Hello, everyone! This week, I want to discuss working with real-world datasets. Specifically, how it’s common (and even expected) to encounter a number of data quality issues.

Some common questions you want to ask yourself when working with a new dataset are…

  • Can the values be worked with in their existing format?

  • Are there null values and, if so, why might there be null values?

  • Is this dataset from a primary or secondary source? How much preprocessing has already been done to it that was not in my control?

These questions are very important to consider when working with data as they will guide you on how you should clean your data. Let’s walk through an example of some data pulled from the internet.

If this is interesting for you, then you’re going to love our next seminar, “Spot the Lies Told with this Data,” which I’ll be hosting on March 11th!

Grabbing Some Data#

The dataset we’ll be working with is a weather report from Newark Liberty International Airport. There are near-hourly recordings of the weather for a given day (In this case, February 22, 1980.) The dataset is quite small but will serve as a good example for working with some slightly messy data.

The data is served by a third-party API to wunderground.com/history. (This means that the tables are populated by javascript API calls after the page has loaded.) I was feeling a little too lazy to investigate the API calls the site was making, so I decided to leverage a “headless” selenium session to allow the data to be loaded via javascript before scraping the table out of the html.

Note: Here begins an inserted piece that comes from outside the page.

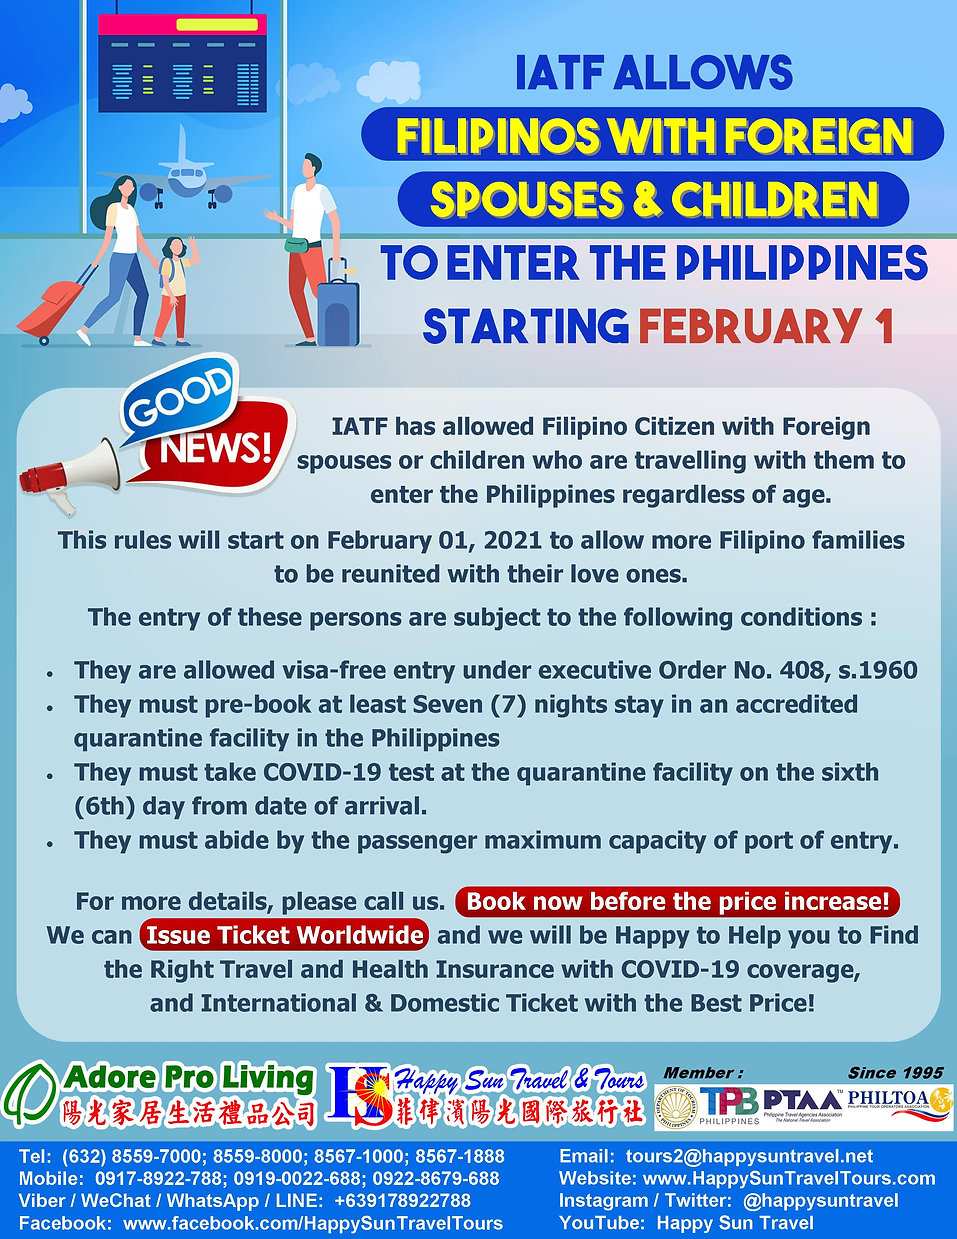 P1_HappySunTravel_FilipnosSpouse&KidsAll

Want to check out the url in question? Here’s the link: https://www.wunderground.com/history/daily/KEWR/date/1980-2-22

from pandas import read_html

from selenium import webdriver
from selenium.webdriver.common.by import By
from selenium.webdriver.support.wait import WebDriverWait

options = webdriver.ChromeOptions()
options.add_argument('--headless')

driver = webdriver.Chrome(options=options)
driver.get("https://www.wunderground.com/history/daily/KEWR/date/1980-2-22")
WebDriverWait(driver, timeout=10).until(
    lambda d: d.find_element(By.TAG_NAME, "table")
);

temperatures_df = read_html(driver.page_source)[1]
temperatures_df.head()
Time Temperature Dew Point Humidity Wind Wind Speed Wind Gust Pressure Precip. Condition
0 12:00 AM 40 °F 0 °F 73 °% NNE 13 °mph 0 °mph 30.03 °in 0.0 °in Partly Cloudy
1 1:00 AM 38 °F 31 °F 76 °% N 7 °mph 0 °mph 30.09 °in 0.0 °in Cloudy
2 2:00 AM 39 °F 31 °F 73 °% NE 5 °mph 0 °mph 30.08 °in 0.0 °in Cloudy
3 3:00 AM 38 °F 31 °F 76 °% NNE 7 °mph 0 °mph 30.06 °in 0.0 °in Cloudy
4 4:00 AM 40 °F 31 °F 70 °% NE 9 °mph 0 °mph 30.06 °in 0.0 °in Cloudy

Inspecting Your Data#

As the saying goes, “A picture is worth a thousand words”, and in the case of data visualization, this is especially true. With a small number of features, we can effectively communicate inferences about the data with simple tables. This is because there isn’t much information to wade through and not many branching paths one can take when investigating summaries of smaller datasets.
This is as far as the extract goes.